The student news site of Dickinson College.

The Dickinsonian

The student news site of Dickinson College.

The Dickinsonian

Darya Mikusova: Hurdling to the Top

Darya Mikusova 24’ has lofty goals for her final season. 


Darya has cemented herself in the Dickinson record books multiple times throughout the year. Her numbers speak for themselves. She is one of the most successful Dickinson track athletes ever. 

Mikusova won the Centennial Conference Track Athlete of the week award two weeks in a row. During those weeks, she broke the Centennial Conference record in the 400 meter hurdles and broke her own school record for the 100 meter hurdles.


The senior had a unique start to her running career. She did not start running track until her junior year of high school. She says, “I didn’t really have a past of running. I just, was generally pretty good at it. I always enjoyed it. So I figured I should join the track team because it was like, easy, right? Like, It was just running. And then I got pretty good, but I didn’t really try.”

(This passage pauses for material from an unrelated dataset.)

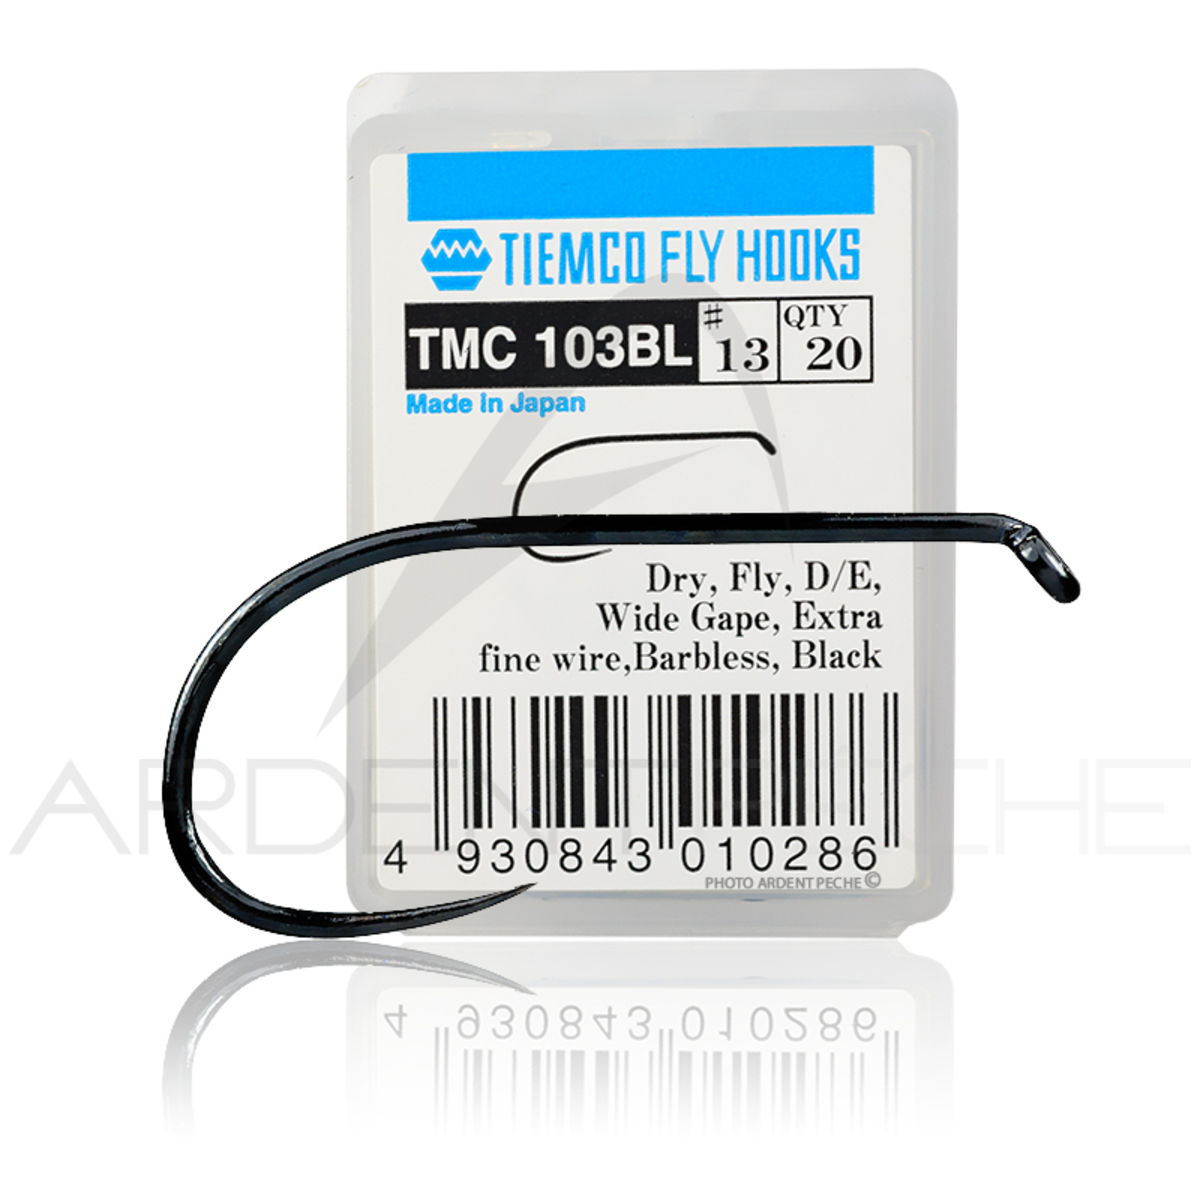 Tiemco TMC 103 BL Barbless Fine Wire Dry Fly Hook - AvidMax

Running in college wasn’t a big goal for her. It was more something that just happened. She says, “it was something I wasn’t planning on doing, but it was like, why not, when I had the opportunity to do it.”


It seems like Darya’s mentality about track was the same for a while. She thought, I’m good at it and like it, so she continued to do it, but it was not something that was serious in her life. This mindset continued as she started her Dickinson career. She says, “freshman year, I just wasn’t locked in. It didn’t mean much to me to win races or just do well.”


Darya’s feelings switched during her sophomore outdoor season and she has never looked back. She says, “I was like, Okay. You can do great things if you actually try and push yourself.” 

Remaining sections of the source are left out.